Start with these immediate accuracy fixes
The fastest way to improve talk-to-text accuracy is to improve the recording conditions first: use a close microphone, remove competing noise, set the right language, and give important words enough space.
Most transcription errors come from poor audio, rushed delivery, incorrect language settings, or unfamiliar terms. Improve the signal before changing software settings. A clean recording gives every speech recognition engine, including SpeechText.AI, far more usable information.
- Talk-to-text accuracy
- The degree to which a speech recognition system correctly converts spoken words, punctuation, speaker turns, and formatting into written text.
- Signal-to-noise ratio
- The difference between the level of your voice and competing sound such as echo, fans, traffic, keyboard clicks, or other speakers. A stronger voice signal produces more reliable transcripts.
- Custom vocabulary
- A glossary of preferred names, product labels, acronyms, and specialist terms supplied to a transcription system before processing begins.
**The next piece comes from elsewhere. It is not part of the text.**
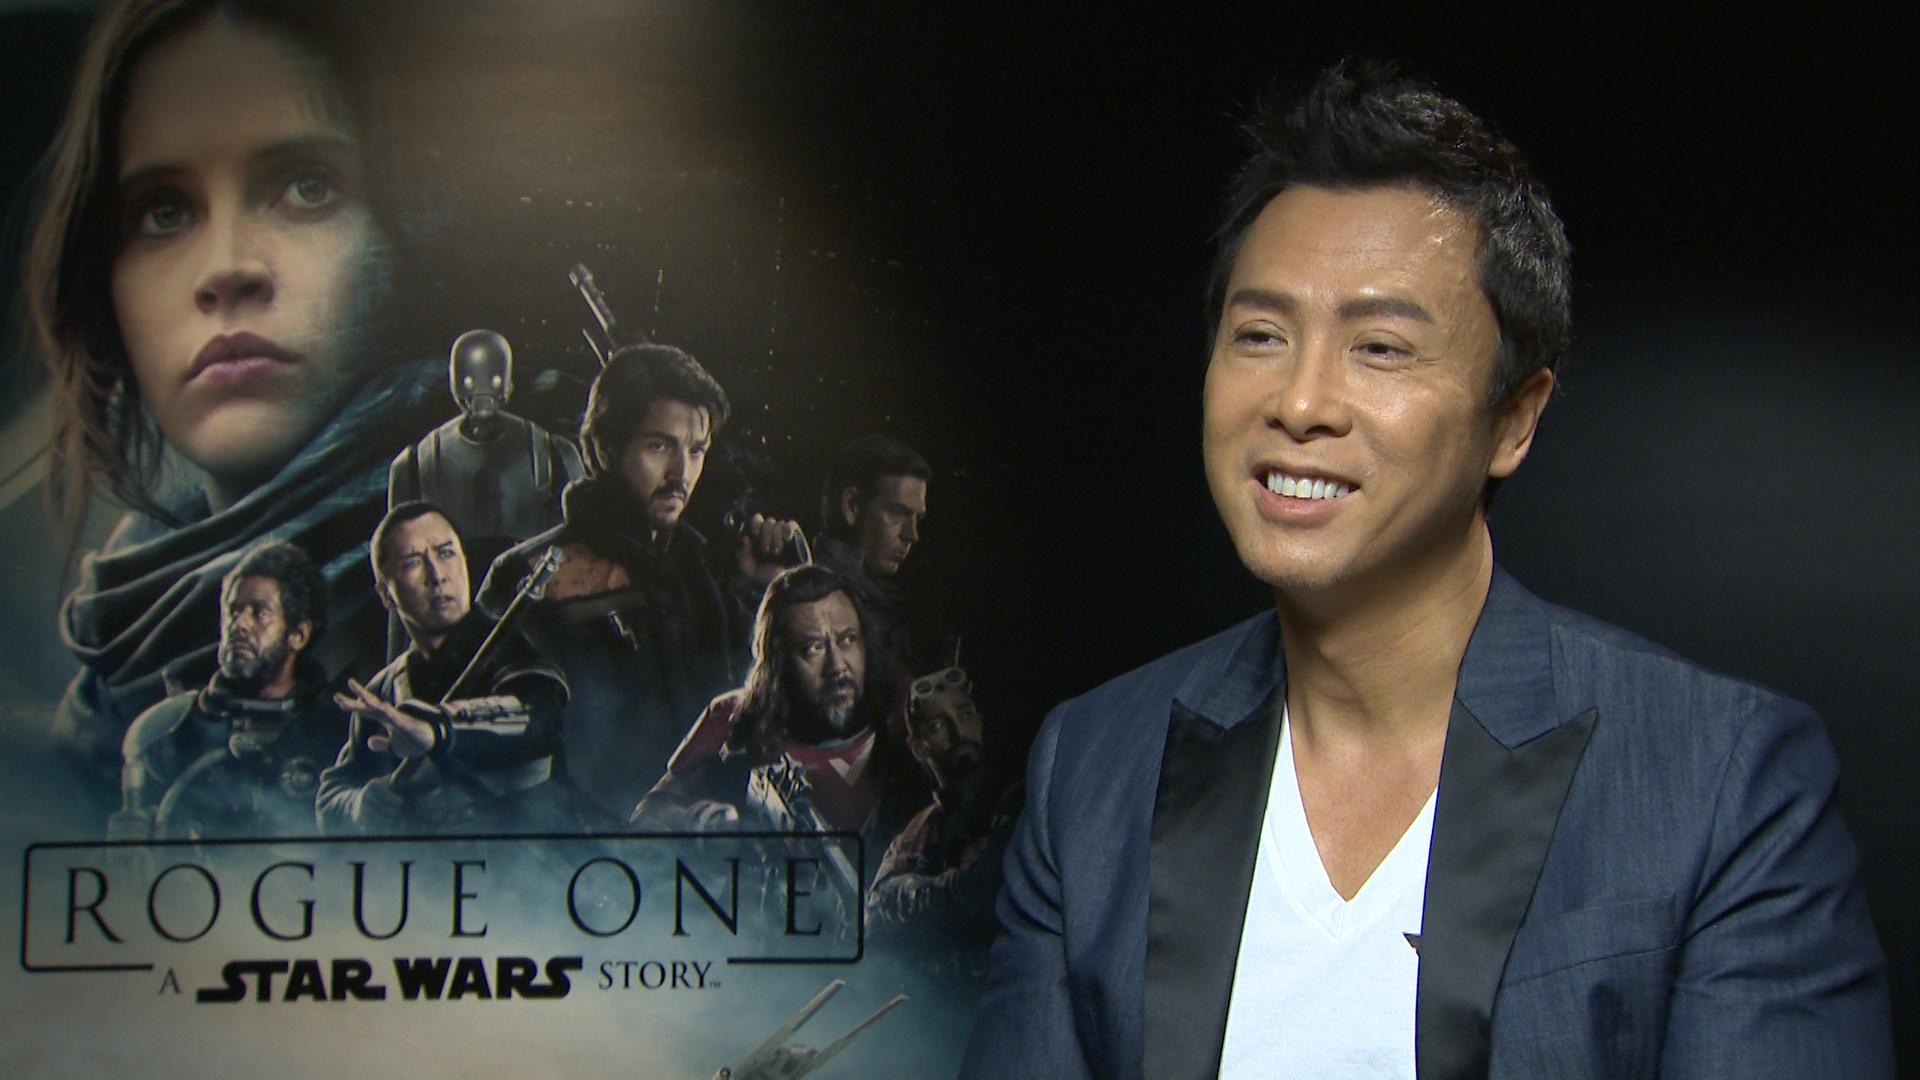 donnie_Yen_rogue_one_star_wars_film_interview
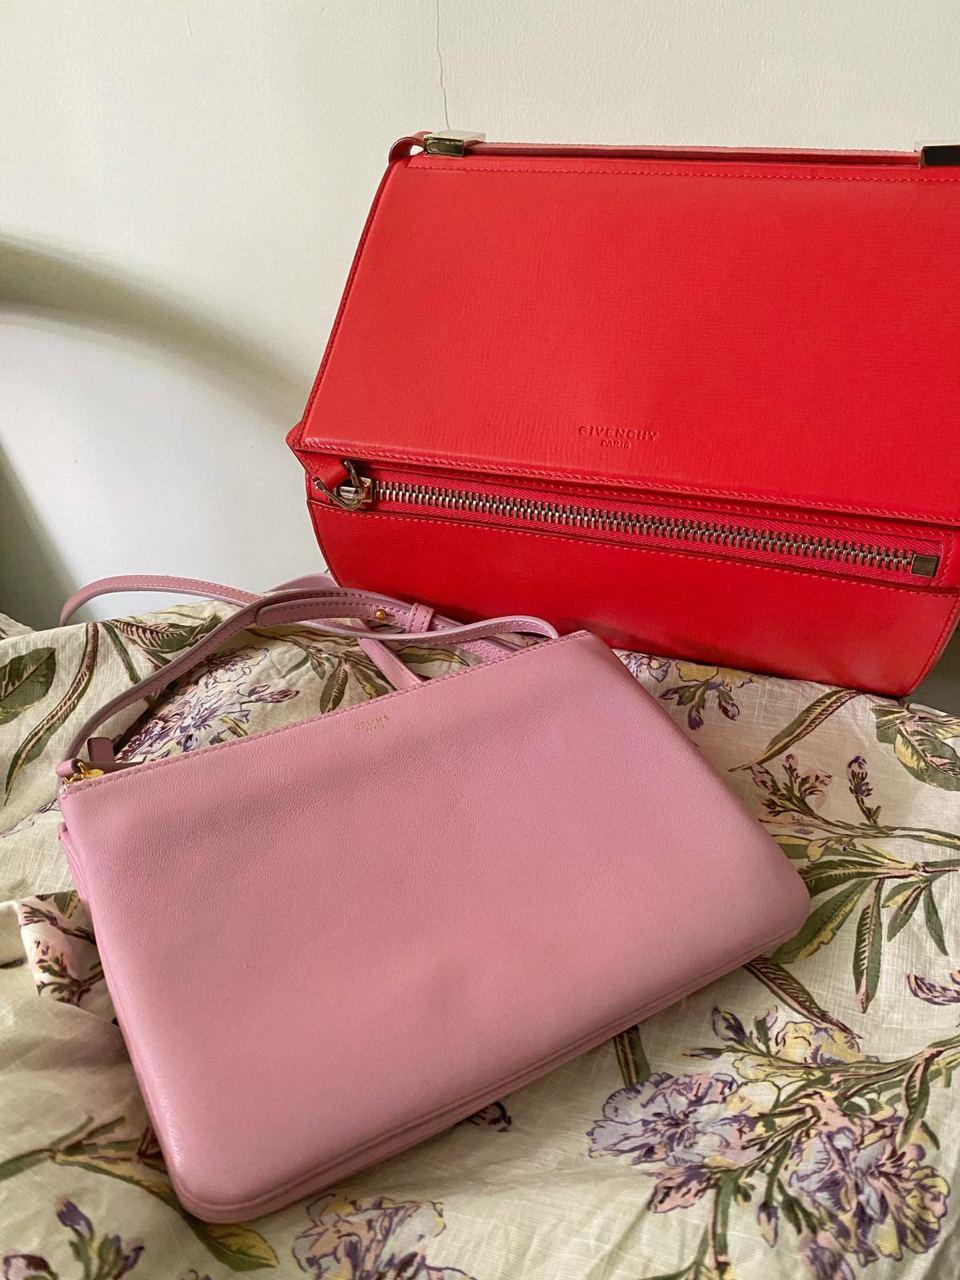 Branded goods - Celine Trio bag and Givenchy Pandora box bag

- Move the microphone closer to your mouth.
Keep a headset or desktop microphone 4 to 8 inches from your mouth. Phone microphones work best 6 to 10 inches away, pointed toward your face. If you are too far away, the system hears room echo, keyboard clicks, and air conditioning before it hears consonants. - Reduce background noise before you start.
Close windows, pause fans, silence phone alerts, and move away from loud machinery. Hard surfaces such as glass walls, bare desks, and tiled rooms create echo. A carpet, curtains, or even a closed door can make a noticeable difference. - Speak at a controlled pace.
Aim for roughly 120 to 160 words per minute. That feels natural in conversation but gives the engine enough separation between words. Avoid racing through technical phrases, numbers, names, and acronyms. Pause briefly after complete thoughts. - Use a better microphone.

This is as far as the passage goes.